Последняя присланная форма из области (технический план и райдер каждого ДК по форме на 10 страниц) меня снова возбудила "интеллектуально".
Села в интернет. Нашла СНиПы и ВППБ для нас, расчитала реальную проектную мощность всех залов в районе....и о ужас! В некоторых учреждениях по нормам- 50 мест, а мы пишем 100! В 2 раза увеличиваем! Кстати, мой зал на 400 мест полностью совпал с нормами.
Вот теперь думаю, может, на основании этих солидных документов издать приказ об утверждении реальной проектной мощности? И тогда не бояться за "мертвые" места?

А теперь- про то, как посчитать проектную мощность. Для простого зала, без галерок и балконов.

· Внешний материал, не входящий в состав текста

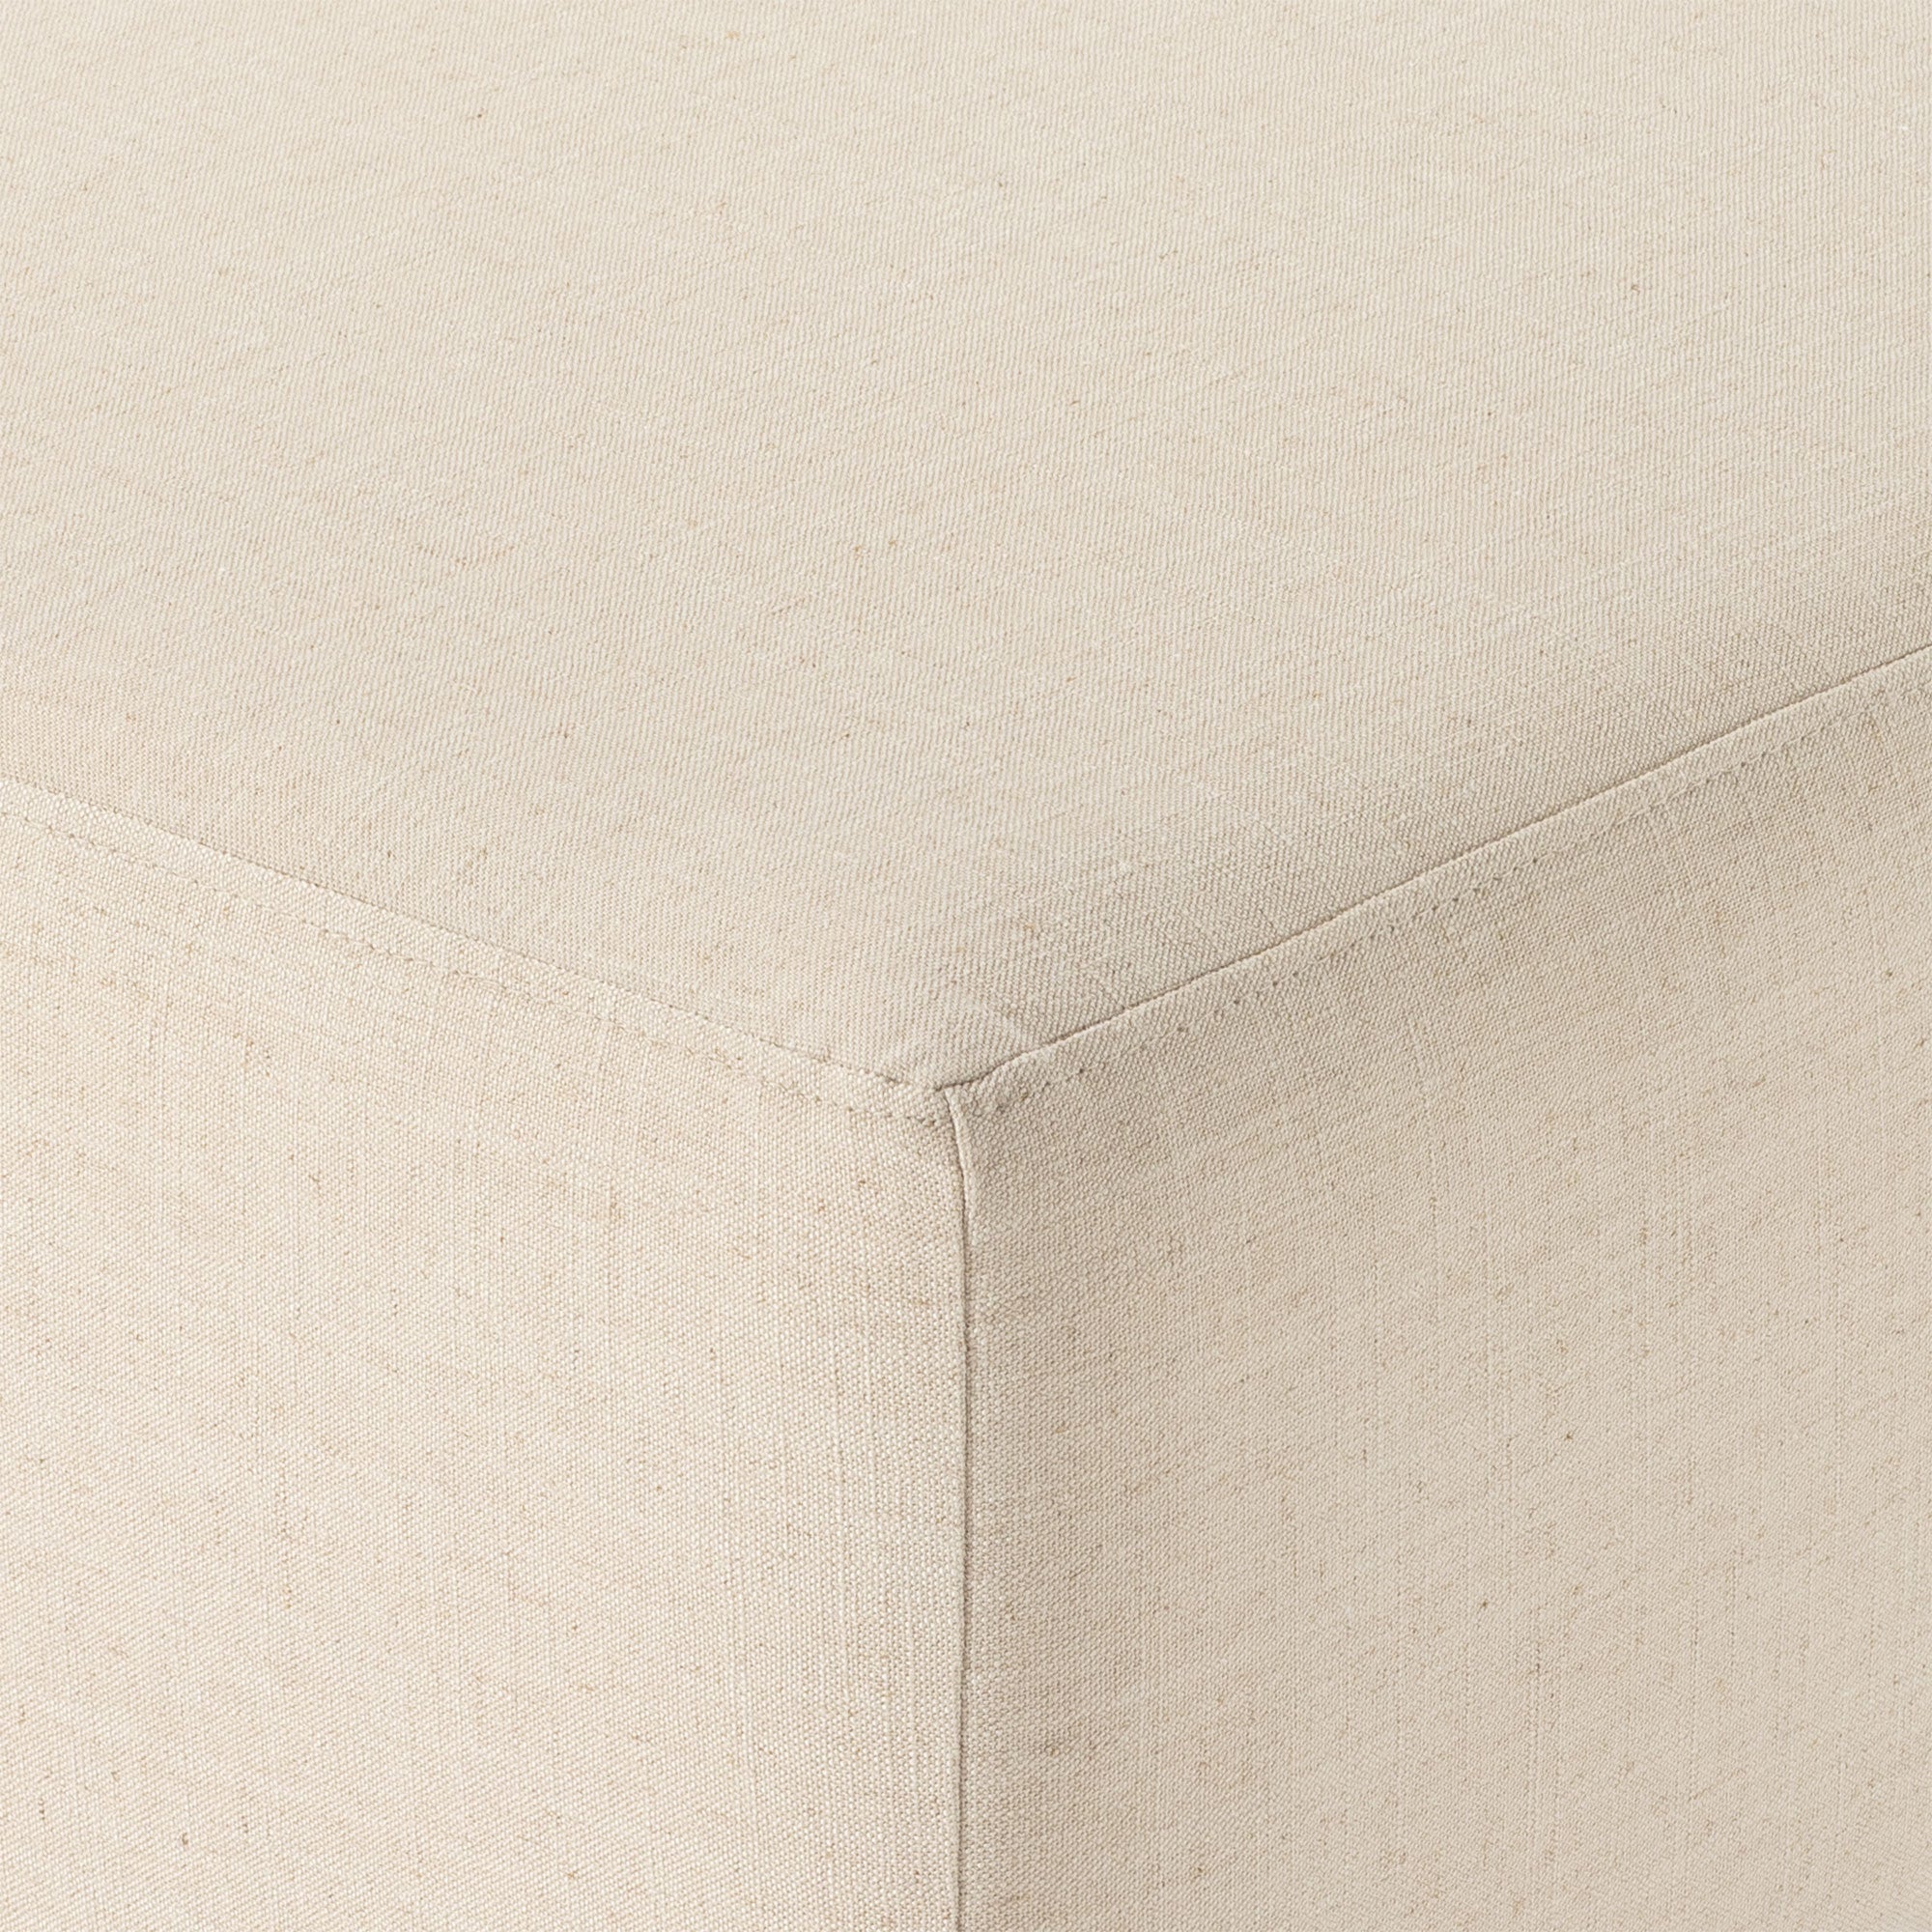 Lena Contemporary Upholstered Ottoman with Refined Natural Wood Finish in Ottomans & Benches by Maven Lane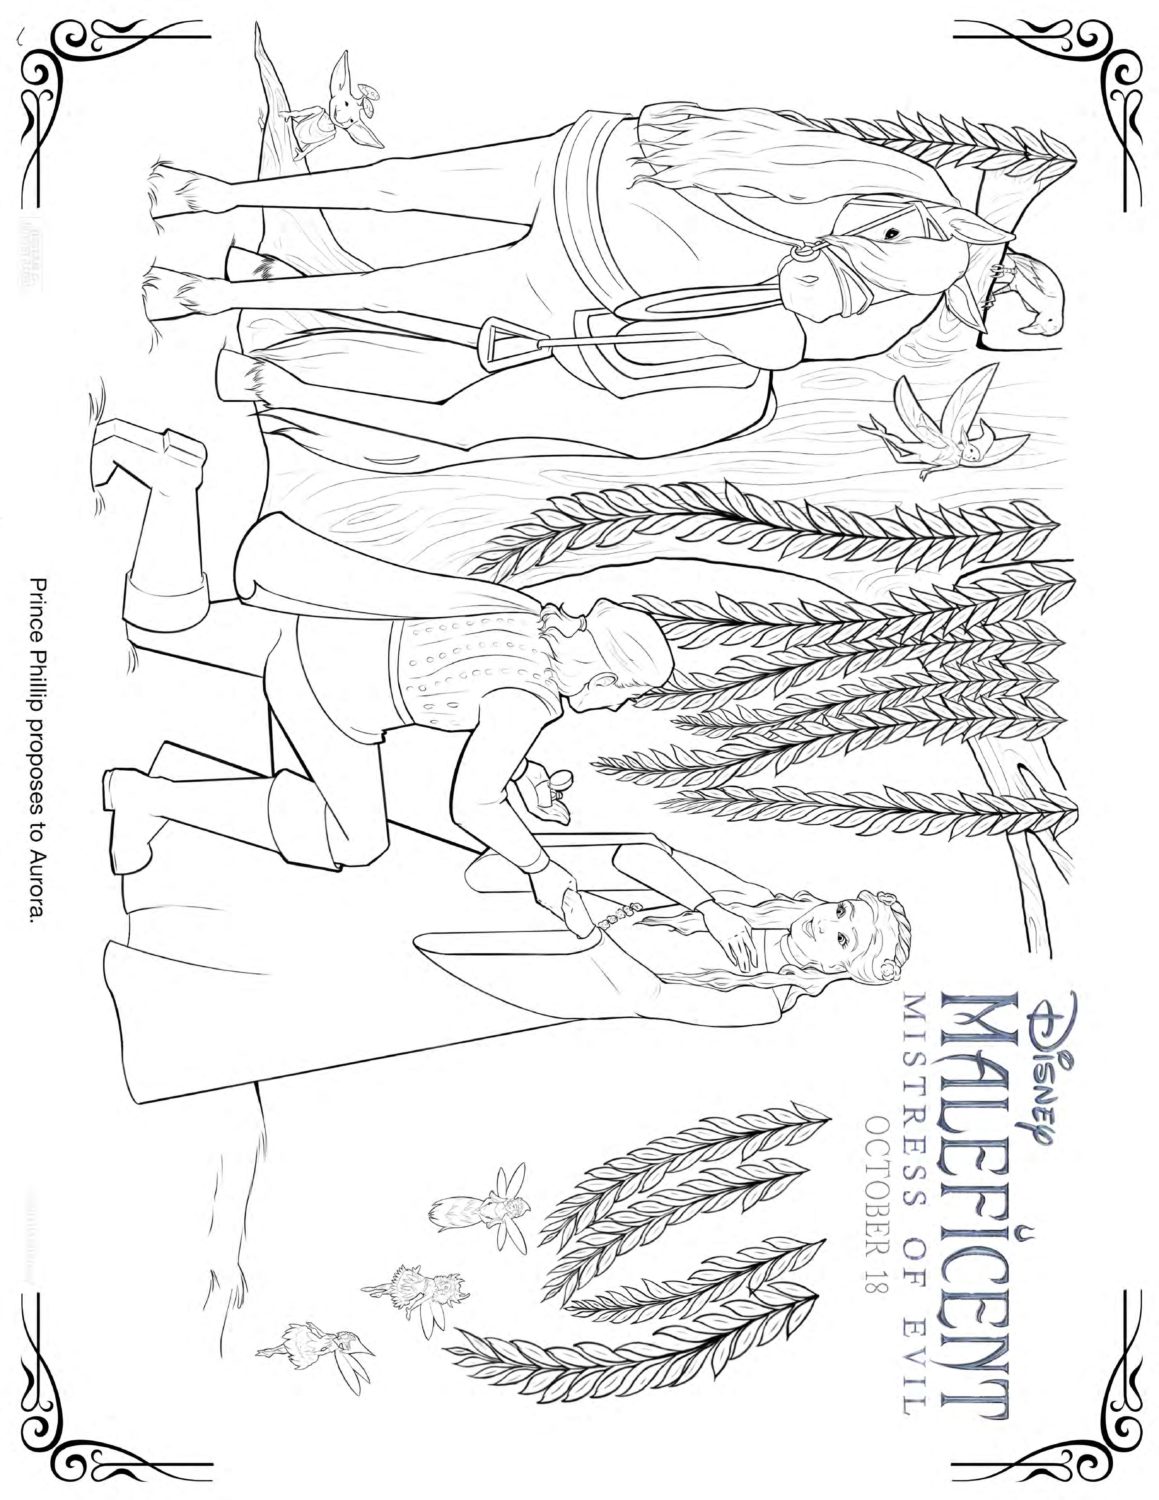 Maleficent 2 Prince Phillip Coloring Pages and Activity Sheets

1. Меряем длину(А) и ширину(Б) зрительного зала(без сцены)
2. Из (А) вычитаем 1.5 метра- отступ от сцены, получаем (В)
3. Из (Б) вычитем ширину прохода-1м, или 2м, если 2 прохода. Кстати, 2 прохода предусматриваются там, где с разных сторон выходы-входы в зал. Получаем число (Г)
4. Числа (Г) и (В) перемножаем и сразу делим на 0.65(столько кв.м положено на 1 кресло)= *РЕЗУЛЬТАТ*

В этих документах есть нюансы для театров, кинозалов и прочее..
Кому интересно-
http://www.vashdom.ru/snip/31-06-2009/
http://www.bestpravo.ru/federalnoje/iw-akty/j7w.htm

----------

Алла и Александр (09.04.2019)

----------


## areshek

Начался новый творческий сезон. Но кроме творческих дел руководителей клубных учреждений ждут проверки по готовности к работе в зимних условиях. Какие проблемы могут быть? Как с ними справляться? Давайте о обсудим.

----------


## Рамоновна

Коллеги, у кого есть нововведения по подготовке к отопительному сезону? У нас!!!
Вызывают меня в теплосети( отапливаемся от центральной котельной) и вручают бумажку с требованиями. Читаю. Осмысливаю. Вроде, все реально сделать. Но вот пункт 5 меня просто поверг в шок! Я каждый день (и СБ, и ВС) должна в одно и то же время снимать показания счетчика на отоплении. Это еще что... Потом все показания мне надо будет внести в формулу, найти ее значение. А уже по этому значению должна определить, а не выше ли 5% погрешность в данных. Если погрешность выше 5%, я тут же должна сообщить в теплосети. И пока счетчик не отремонтируют, со дня моего сигнала плата за отопление будет браться по кубатуре здания (это где-то в 3 раза больше, чем по счетчику)
В кулуарах прозрачно намекнули, что они готовы это делать и сами.

----------


## Леди N

Здравствуйте! А у меня такой вопрос... Согласно закону...реквизиты не помню....Теперь при заключении договора с энергопоставляющей компанией мы должны указывать МАКСИМАЛЬНУЮ мощность энергопринимающих устройств.....Согласно АКТАМ разграничения..., выданным нам соответствующей организацией... имеем РАЗРЕШЁННУЮ и УСТАНОВЛЕННУЮ МОЩНОСТЬ (они равны, Р=У). Максимальная нигде не указана... Готовы нам помочь энергетики- приедут за плату по коммерческим расценкам.... МАКС мощность думаю будет такая же как и РАЗРЕШЁННАЯ- УСТАНОВЛЕННАЯ. Деньги Ж-А-Л-К-о... Может кто подскажет лазеечку....????? Или просто раъяснения по этому вопросу.....Как прописано у ВАС в Договорах...

----------


## Рамоновна

Я однажды нарвалась на максимальную мощность. Эл. счетчик работал не правильно, приехали энергетики и посчитали... ВСЕ лампочки, ВСЕ розетки и как будто они эксплуатирутся весь 8-часовой рабочий день. ПРЕДСТАВЛЯЕТЕ СУММУ? К счастью, удалось это оспорить(световой день, отсутствие ежедневных концертов, и т.д.) и часть суммы скостить, но все равно, осталось немало...

----------


## Рамоновна

Коллеги! С началом отопительного сезона!!!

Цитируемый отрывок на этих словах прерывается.